92 miles south of Vermillion bay puts it in relatively shallow water so this was a standing platform. Now I want to clarify something that many people use the improper terminology on. This was not a rig, it was a platform, a production platform. A rig is what is used for drilling the well and setting the casings and wellhead. That is the extent of what a rig does in normal shallow water operations. When it is done, the well is still full of drilling mud which keeps the well string balanced so really, the well head is not required. At the end of it all, the BOP gets removed from the wellhead and it gets capped off so there are three to four safeties, there is concrete plugging in the well string, there is a subsea safety valve which gets opened and closed with a tool at the end of a wire line that gets sent down hole, there is the drilling mud, and then there is the well head. The rig then pulls off site. The rigs for shallow water are generally "Jack Up Rigs" which have legs to the bottom which they raise the rig above the surface typically to the planned wellhead height which will be above the storm wave height, so depending on the depth of the water we're talking like 10' on the near shores like the Rabbit field just outside of Fourchon to 40 or 50' when you get out to say East Cameron 254 where the water may be 120' (which is still considered shallow water). From the looks of the picture, they were around the Vermillion Block 30 area in about 15' of water.
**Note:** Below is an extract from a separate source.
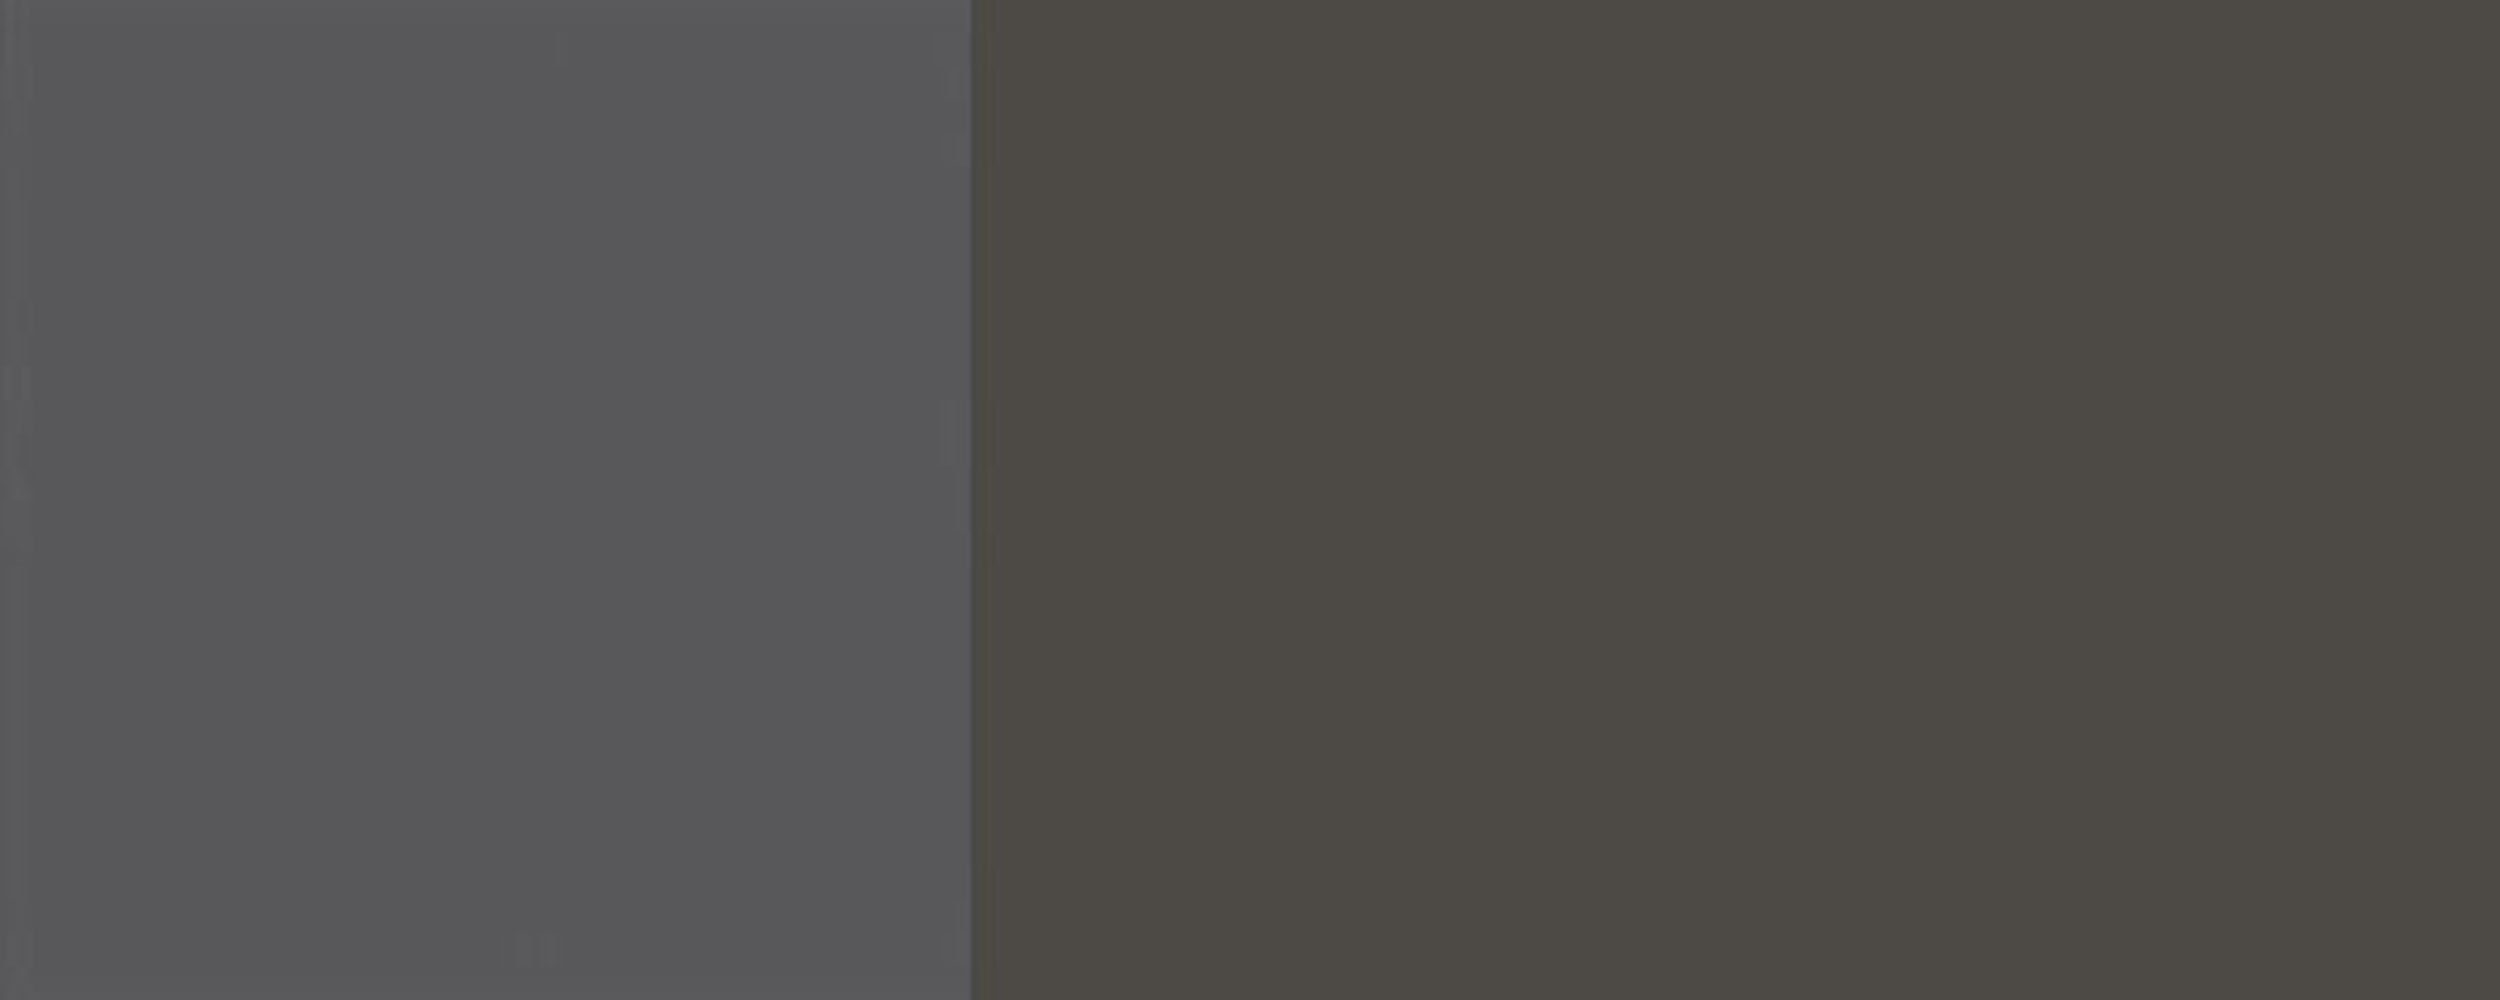 Feldmann-Wohnen Sockelblende und matt 45cm 7022 RAL umbragrau wählbar Korpusfarbe Front- teilintegriert Tivoli

This is a typical jackup rig that works shallow water (usually around 200+' is where you start using floating rigs)
After the rig leaves, they put a permanent steel structure in known as a platform. There are two basic types of platforms, you main production platform and satellite platforms. Most lease blocks (oil/gas companies bid on "blocks" charted square segments of offshore areas where they are allowed to exploit the resource) have multiple wells spread out across them, some are very crowded as is the "Rabbit Field" I mentioned earlier. The satellite platforms are small structures that surround the well casing and have a platform on the top which surrounds the wellhead for the workers to be able to go out, inspect and service the wellhead.
They get tied by pipe, Over head if they are very nearby satellites, and subsurface if they are further away (depending on the bock, they can be several miles or more across) to Production Platforms.
The production platforms collect all the product from all the wells in the field and typically will contain several wells themselves. The production platforms house the equipment for whatever initial processing the company wants to do with the product from that field before putting it in the pipeline that takes it into shore. It also contains the living quarters for everybody working in that field. Typical hitches are 28 days on and 14 or 28 days off.
On the deep water projects, thousands of feet of water, it becomes more typical to combine the drilling rig into the production platform.
Just remember, Rigs drill, Platforms produce.